If this describes your thoughts on your current meetings, you probably need to stop reading this and go buy a copy of Patrick Lencioni's Death by Meeting. This is a great tool that I have taken my teams through in the past as a way to help us rethink why we meet, what our meetings should be, and to develop a healthy rhythm and structure for our meetings. If you are curious, here is the rhythm that I have used with my teams in the past:

  • Daily: Morning Stand-Up: This is a quick meeting, ten minutes tops. Our team would take about a minute each to share the big things that they were working on that day. We would then take a few minutes to pray together before going about our days. This meeting was done standing, in order to encourage brevity. The only deviation to this rhythm was on Monday mornings where we each would share something worth celebrating from Sunday morning. Two very important things to remember about stand up meetings:
    • The leader sets the tone: This is an informational meeting. This is not a place to pontificate or correct. Use the time immediately after the gathering to clarify, correct, or critique a teammate's plan. A savvy leader will lead the way in this meeting by keeping their own sharing to 60 seconds or less.
    • Attendance is encouraged: This is a daily meeting where attendance is encouraged, but not required. Sometimes a teammate has an overlapping meeting, an issue that needs to be dealt with during that time block. Missing an occasional stand up is not world-ending. However, a regular pattern of skips needs to be addressed.
  • Weekly: Tactical Team Meetings: These meetings were specific to the different functional areas of the church: ministry environments, operations, and Sunday morning. In each of these meetings, we would focus on reaching the strategic goals set for each area, identifying trouble spots, and keeping an eye on the metrics that help define whether we are accomplishing our goals or not. These meetings were weekly in rhythm and lasted an hour.
  • As Needed: There were two types of meetings that were on an as-needed basis:
    • One on One Developmental: Each of my direct reports had a regular rhythm for one on one meetings. The frequency depended on the person and what made the most sense for them. Some of my team met with me weekly, others twice a month, and some once a month. The agenda for these meetings was set by the person that I was meeting with and was sent to me the day before, so that I could be prepared to add value.
    • Ad Hoc Tactical: During the course of our weekly tactical meetings it would become apparent that an issue needed to be discussed more in-depth than we had time for in that meeting. The answer was to set another time to have that conversation with all concerned parties. This helped honor the time of everyone in the weekly tactical meetings by ensuring that they were not drug into a discussing that was not relevant to their ministry area.
  • Monthly: All-Staff Developmental Meeting: Once a month, our entire team would meet together for an informal lunch, a time of prayer, and staff development. This was typically a discussion based on a book or article that we were reading together. The idea is to think together, develop a common language, and to strengthen the skills and abilities of your team in a safe place. Here are some books that I have used for these in the past.
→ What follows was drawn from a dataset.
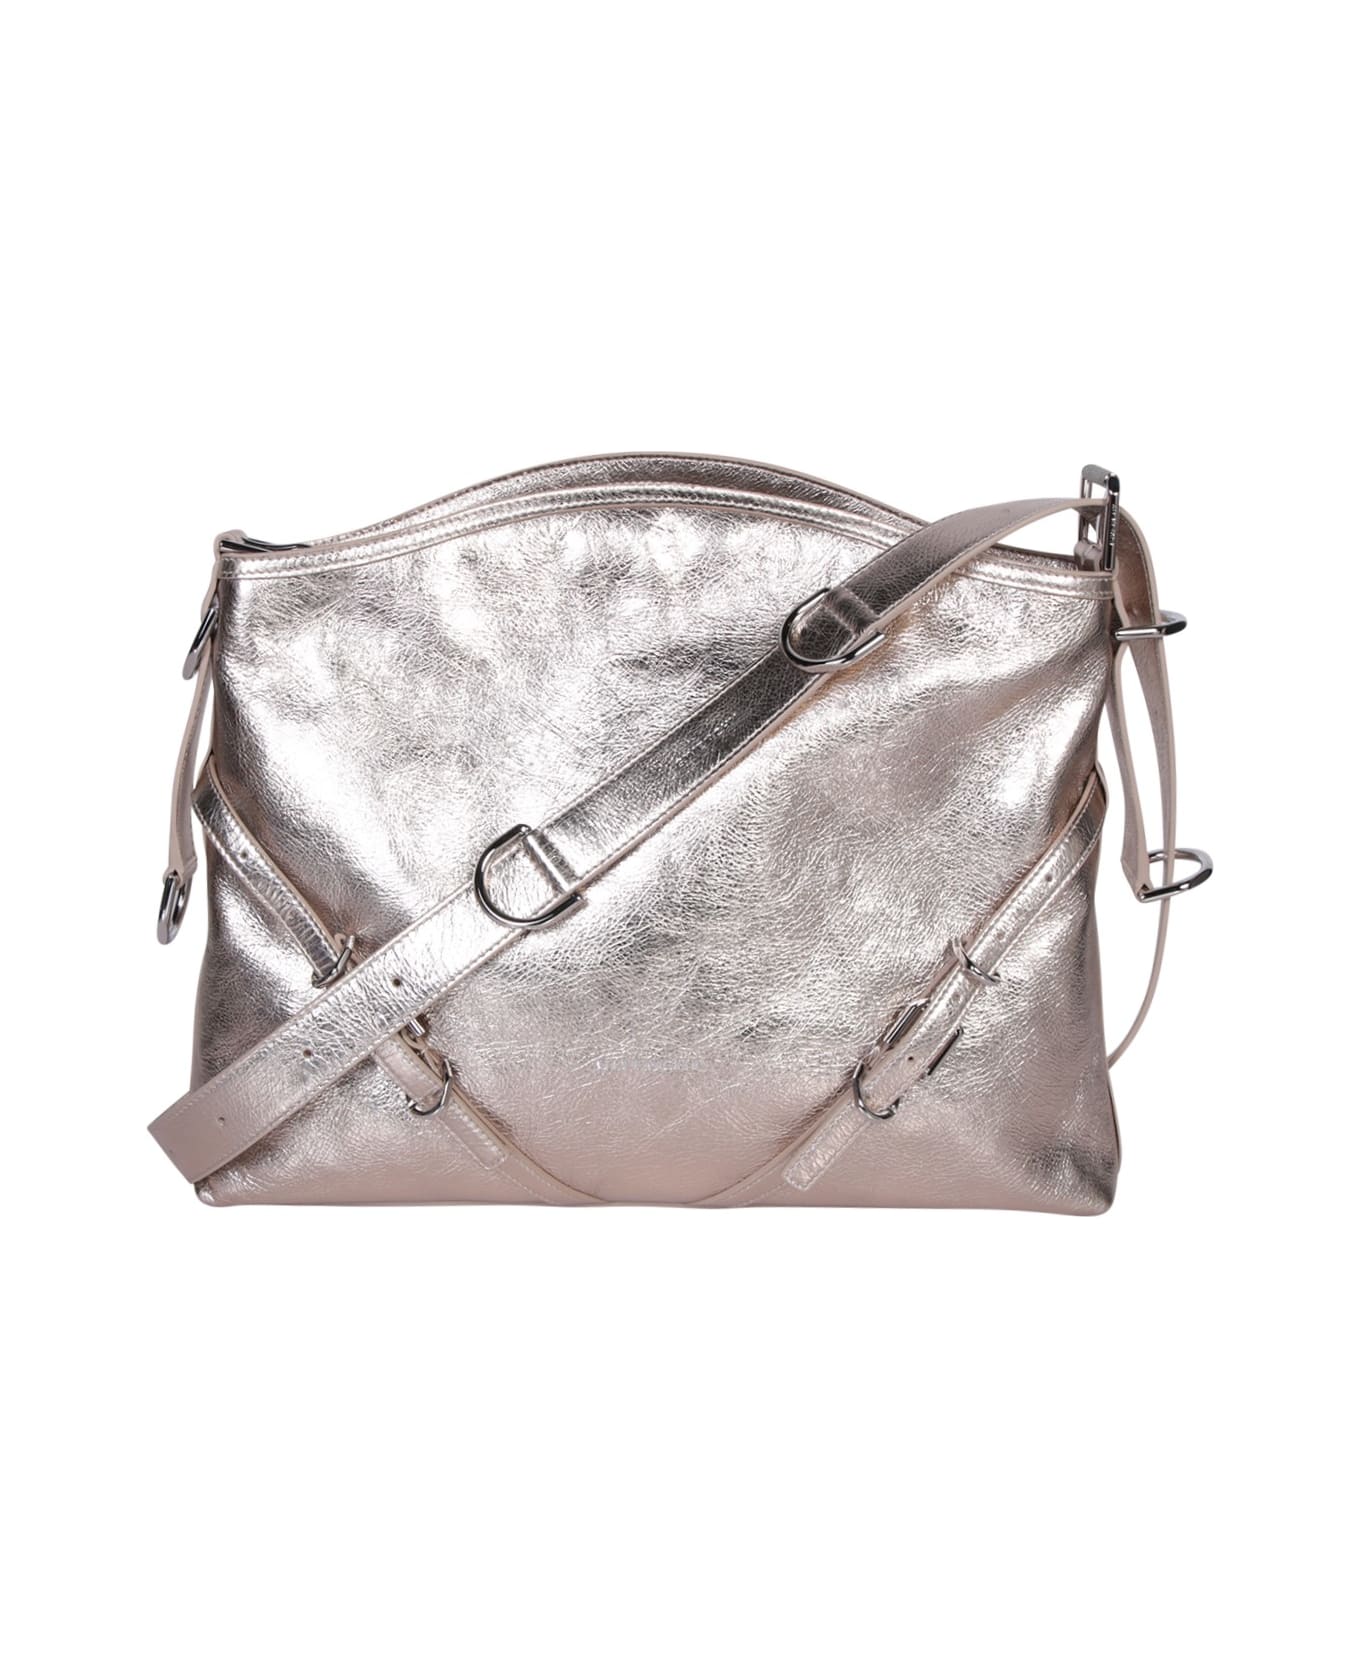 Givenchy Voyou Medium Bag - Metallic ショルダーバッグ

This isn't a one-size-fits-all blueprint for meeting success. Adapt this as needed for your context, or completely disregard it. Regardless of what you do, there are two things that your team needs in order for any meeting rhythm to be successful:

  • A Clear Why: Why does this meeting exist? Clearly articulating the purpose behind a meeting will help your team prepare and actively participate in the meeting. Ambiguous meetings or meetings that regularly veer away from its primary purpose are meetings that help no one.
  • Consistency: Regardless of your rhythm, stick to it. Frequent cancellations, disruptions, and a lack of a consistent pattern during the meeting will diminish the meeting's effectiveness.